Re: [RFC PATCH] bpf: Add helpers to read useful task_struct members
From: Alexei Starovoitov
Date: Sat Nov 04 2017 - 05:35:15 EST
On 11/3/17 3:58 PM, Sandipan Das wrote:
For added security, the layout of some structures can be
randomized by enabling CONFIG_GCC_PLUGIN_RANDSTRUCT. One
such structure is task_struct. To build BPF programs, we
use Clang which does not support this feature. So, if we
attempt to read a field of a structure with a randomized
layout within a BPF program, we do not get the expected
value because of incorrect offsets. To observe this, it
is not mandatory to have CONFIG_GCC_PLUGIN_RANDSTRUCT
enabled because the structure annotations/members added
for this purpose are enough to cause this. So, all kernel
builds are affected.
For example, considering samples/bpf/offwaketime_kern.c,
if we try to print the values of pid and comm inside the
task_struct passed to waker() by adding the following
lines of code at the appropriate place
char fmt[] = "waker(): p->pid = %u, p->comm = %s\n";
bpf_trace_printk(fmt, sizeof(fmt), _(p->pid), _(p->comm));
it is seen that upon rebuilding and running this sample
followed by inspecting /sys/kernel/debug/tracing/trace,
the output looks like the following
_-----=> irqs-off
/ _----=> need-resched
| / _---=> hardirq/softirq
|| / _--=> preempt-depth
||| / delay
TASK-PID CPU# |||| TIMESTAMP FUNCTION
| | | |||| | |
<idle>-0 [007] d.s. 1883.443594: 0x00000001: waker(): p->pid = 0, p->comm =
<idle>-0 [018] d.s. 1883.453588: 0x00000001: waker(): p->pid = 0, p->comm =
<idle>-0 [007] d.s. 1883.463584: 0x00000001: waker(): p->pid = 0, p->comm =
<idle>-0 [009] d.s. 1883.483586: 0x00000001: waker(): p->pid = 0, p->comm =
<idle>-0 [005] d.s. 1883.493583: 0x00000001: waker(): p->pid = 0, p->comm =
<idle>-0 [009] d.s. 1883.503583: 0x00000001: waker(): p->pid = 0, p->comm =
<idle>-0 [018] d.s. 1883.513578: 0x00000001: waker(): p->pid = 0, p->comm =
systemd-journal-3140 [003] d... 1883.627660: 0x00000001: waker(): p->pid = 0, p->comm =
systemd-journal-3140 [003] d... 1883.627704: 0x00000001: waker(): p->pid = 0, p->comm =
systemd-journal-3140 [003] d... 1883.627723: 0x00000001: waker(): p->pid = 0, p->comm =
To avoid this, we add new BPF helpers that read the
correct values for some of the important task_struct
members such as pid, tgid, comm and flags which are
extensively used in BPF-based analysis tools such as
bcc. Since these helpers are built with GCC, they use
the correct offsets when referencing a member.

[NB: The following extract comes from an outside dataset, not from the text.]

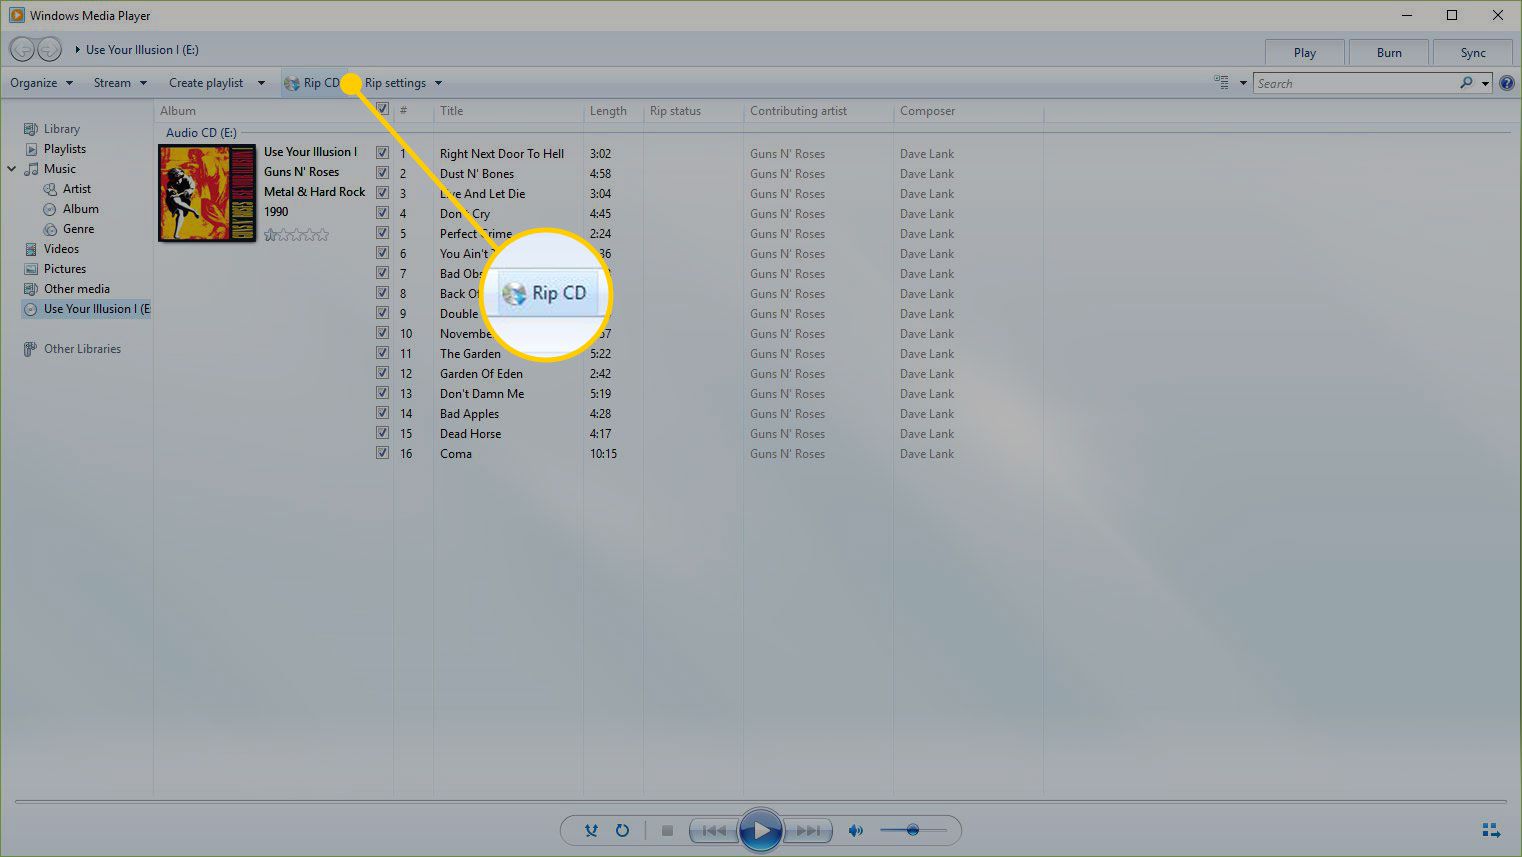 Windows Media Player med Rip CD-knappen markerad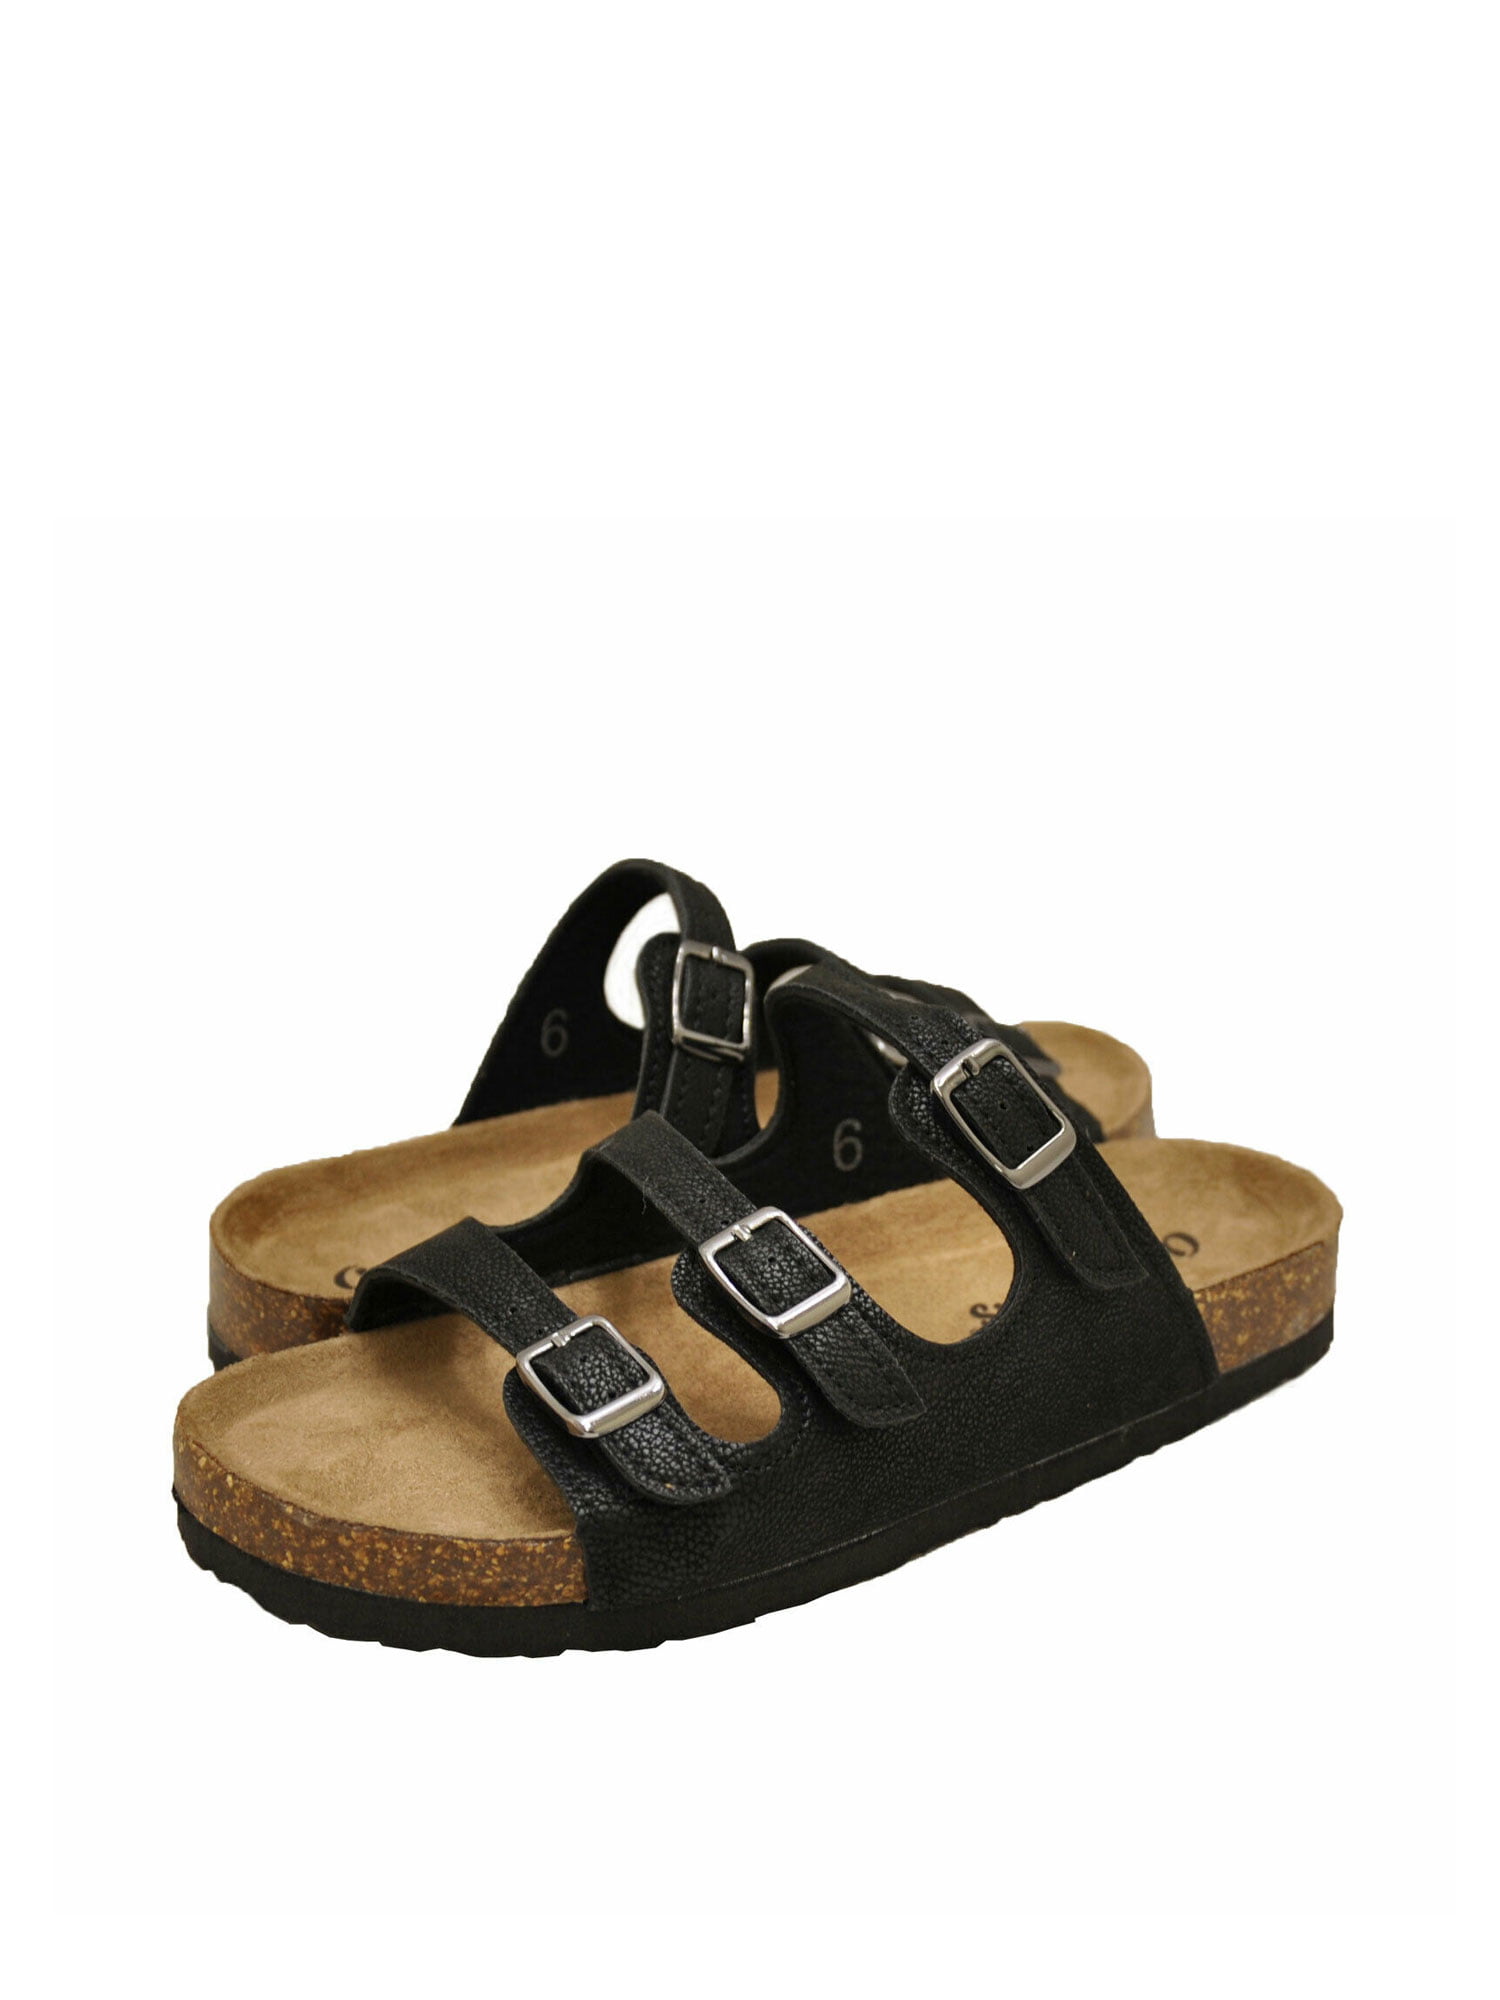 walmart buckle sandals

Signed-off-by: Sandipan Das <sandipan@xxxxxxxxxxxxxxxxxx>
...
diff --git a/include/uapi/linux/bpf.h b/include/uapi/linux/bpf.h
index f90860d1f897..324508d27bd2 100644
--- a/include/uapi/linux/bpf.h
+++ b/include/uapi/linux/bpf.h
@@ -338,6 +338,16 @@ union bpf_attr {
* @skb: pointer to skb
* Return: classid if != 0
*
+ * u64 bpf_get_task_pid_tgid(struct task_struct *task)
+ * Return: task->tgid << 32 | task->pid
+ *
+ * int bpf_get_task_comm(struct task_struct *task)
+ * Stores task->comm into buf
+ * Return: 0 on success or negative error
+ *
+ * u32 bpf_get_task_flags(struct task_struct *task)
+ * Return: task->flags
+ *
I don't think it's a solution.
Tracing scripts read other fields too.
Making it work for these 3 fields is a drop in a bucket.
If randomization is used I think we have to accept
that existing bpf scripts won't be usable.
Long term solution is to support 'BPF Type Format' or BTF
(which is old C-Type Format) for kernel data structures,
so bcc scripts wouldn't need to use kernel headers and clang.
The proper offsets will be described in BTF.
We were planning to use it initially to describe map key/value,
but it applies for this case as well.
There will be a tool that will take dwarf from vmlinux and
compress it into BTF. Kernel will also be able to verify
that BTF is a valid BTF.
I'm assuming that gcc randomization plugin produces dwarf
with correct offsets, if not, it would have to be fixed.